Problem to work on - Line by line, retype the material exactly and leave each picture out.

Data below -

▬▬▬▬▬▬▬▬▬▬

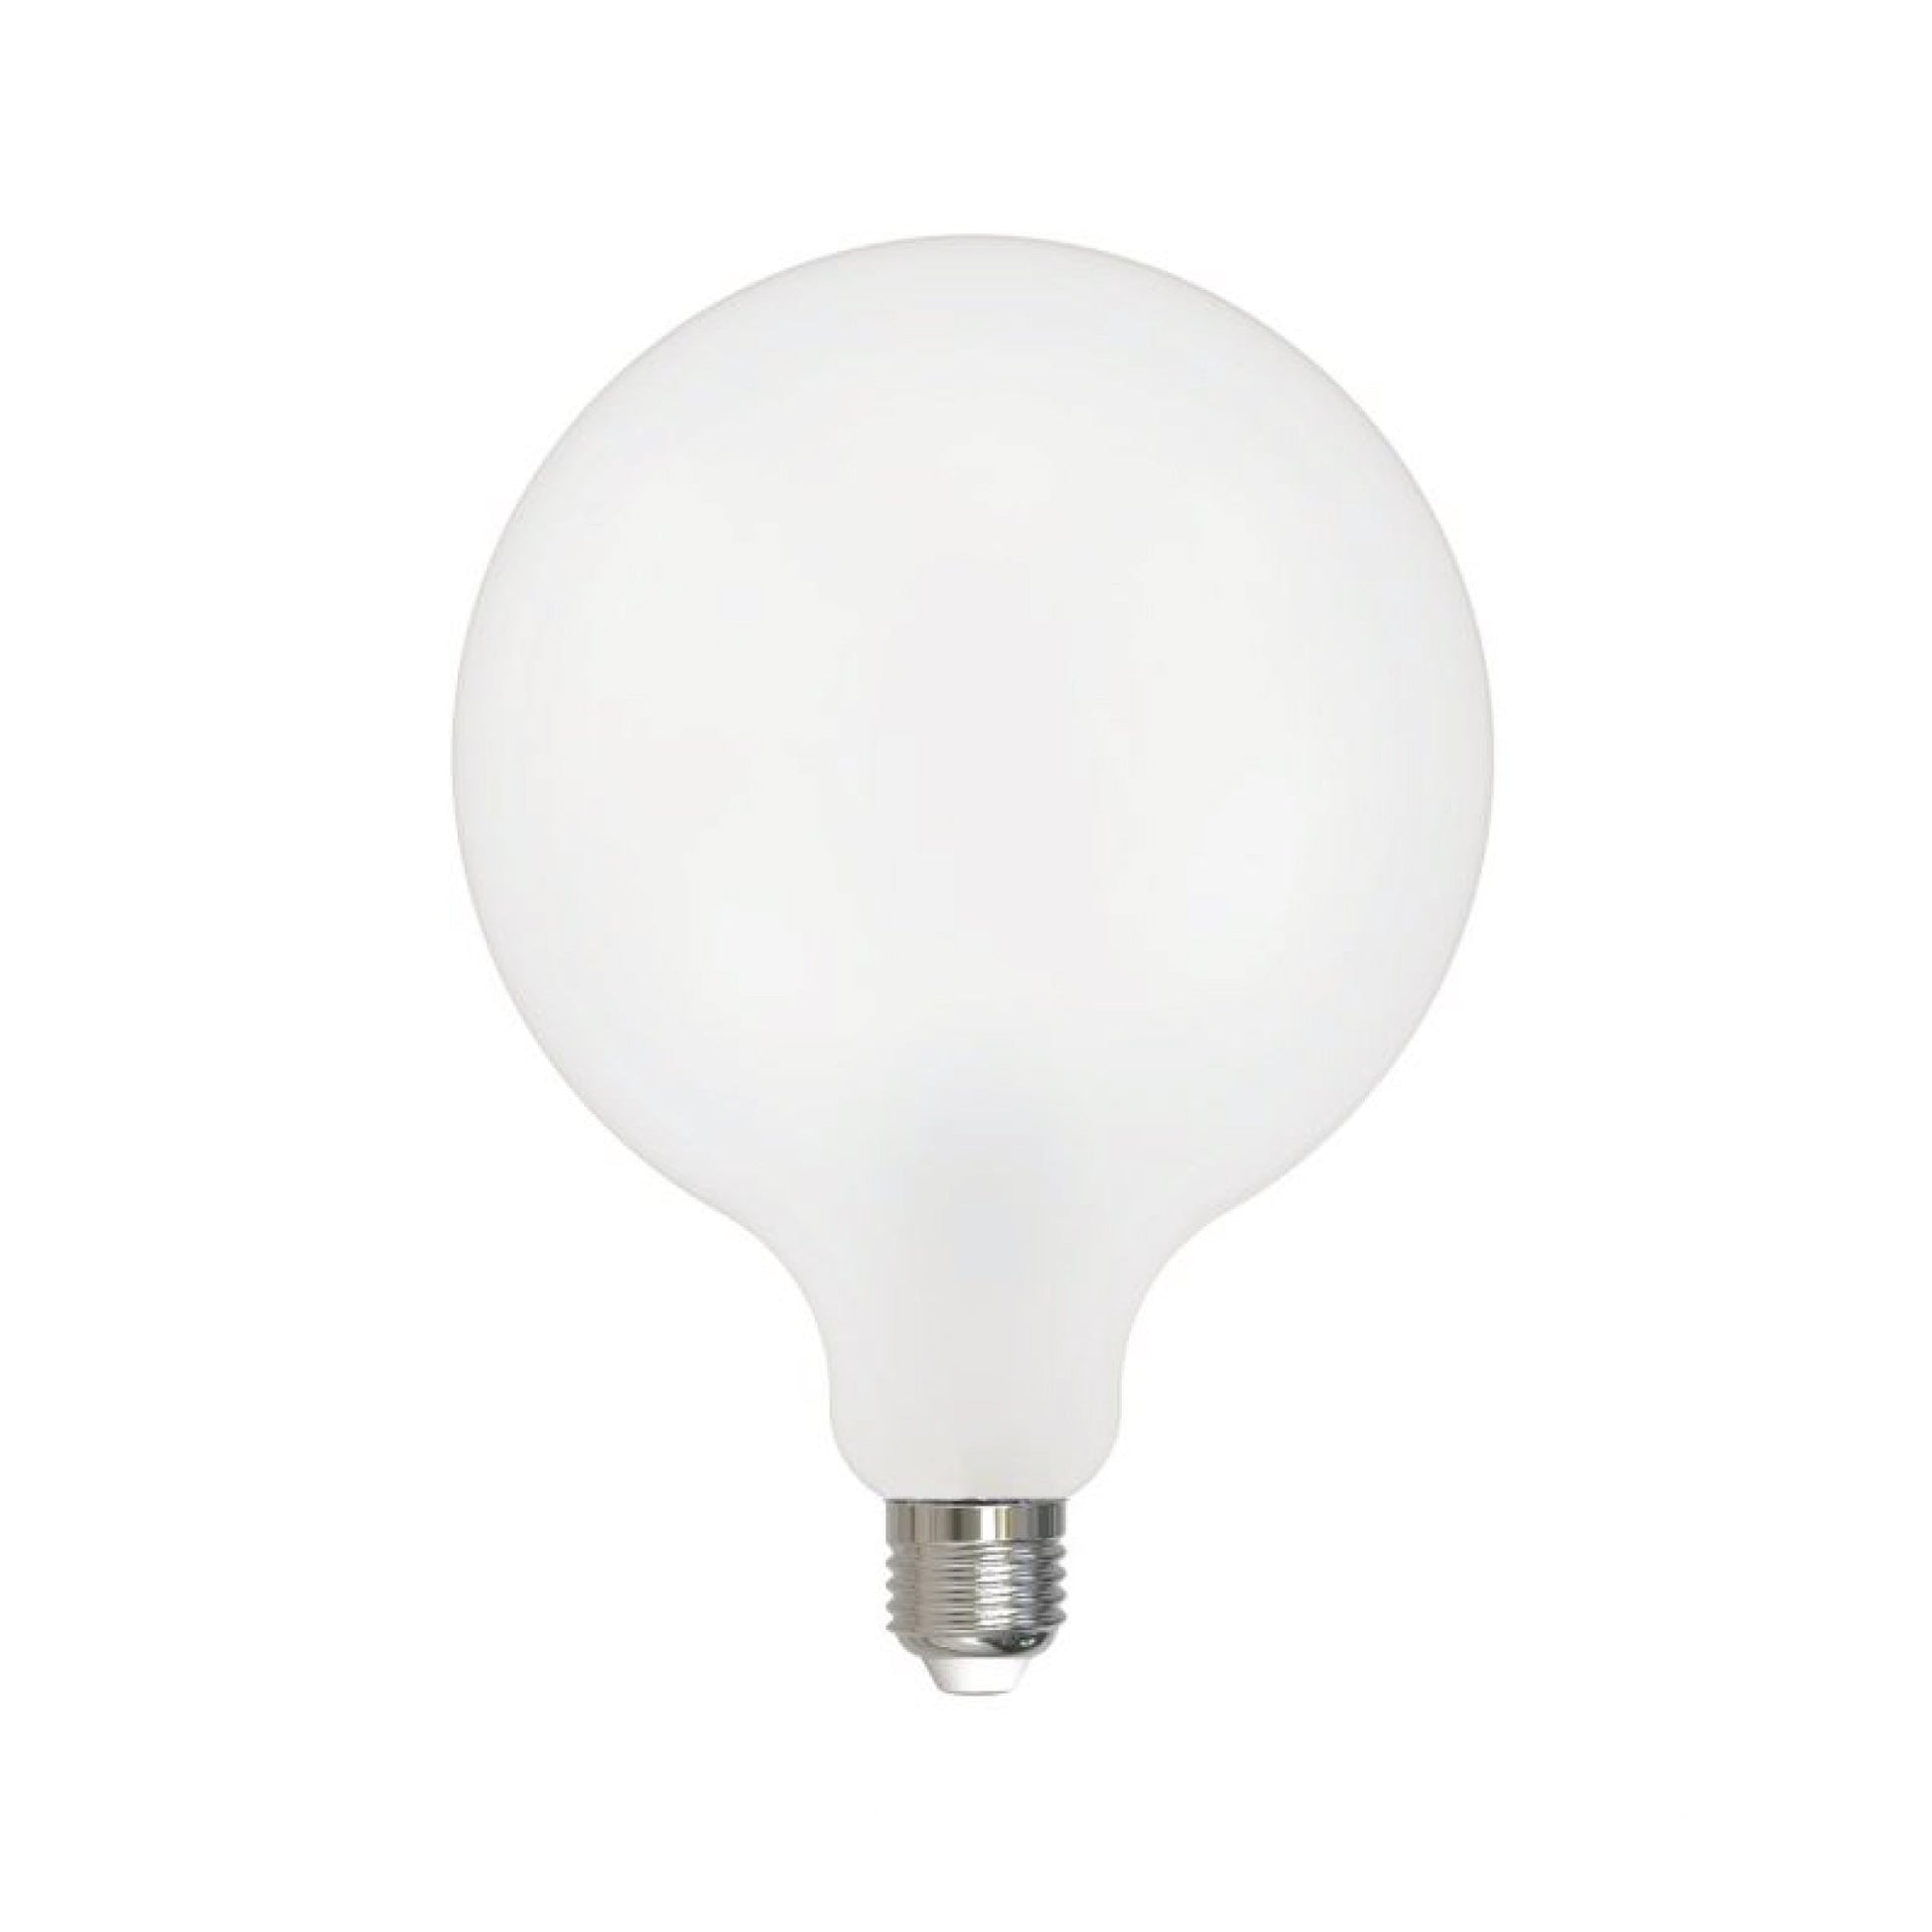 Craftmade 7-Watt G50 Frosted Finish, E26 Medium Base, 8.4" M.O.L., 3000K Warm White LED Light Bulb
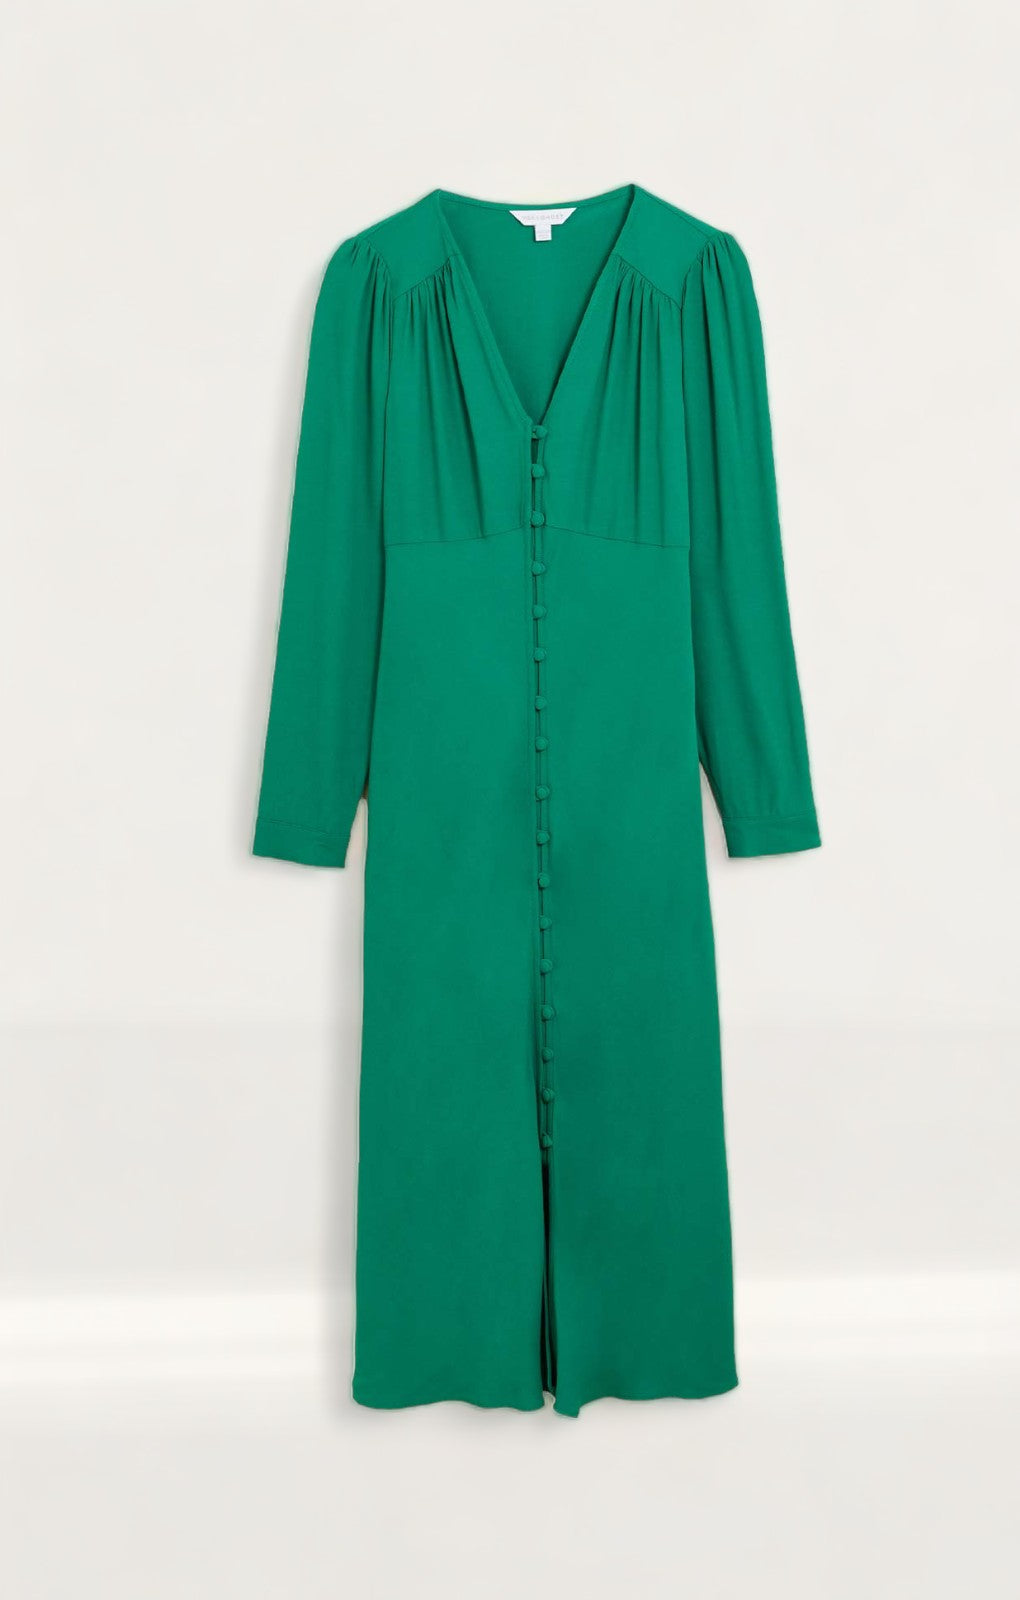 M&S X Ghost Green Long Sleeve Midi Dress product image
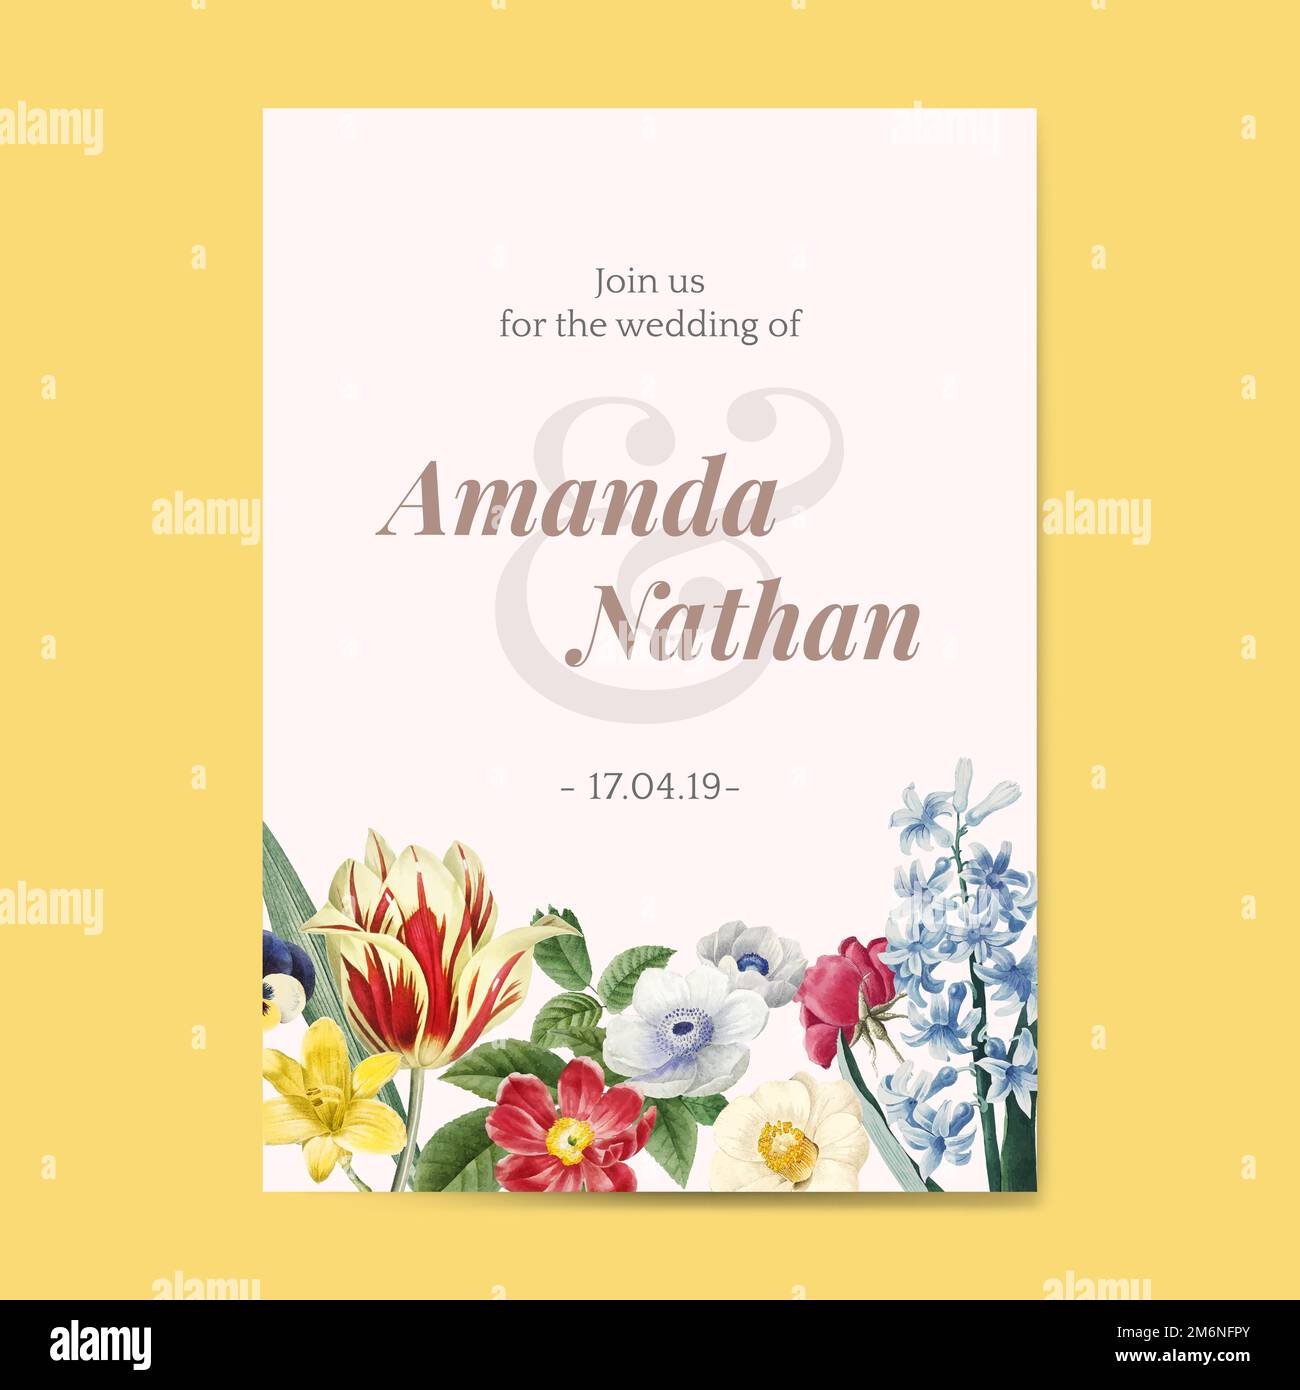 Floral wedding invitation card vector Stock Vector

▬▬▬▬▬▬▬▬▬▬

Exercise response -
 Craftmade 7-Watt G50 Frosted Finish, E26 Medium Base, 8.4" M.O.L., 3000K Warm White LED Light Bulb
 M&S X Ghost Green Long Sleeve Midi Dress product image
 Floral wedding invitation card vector Stock Vector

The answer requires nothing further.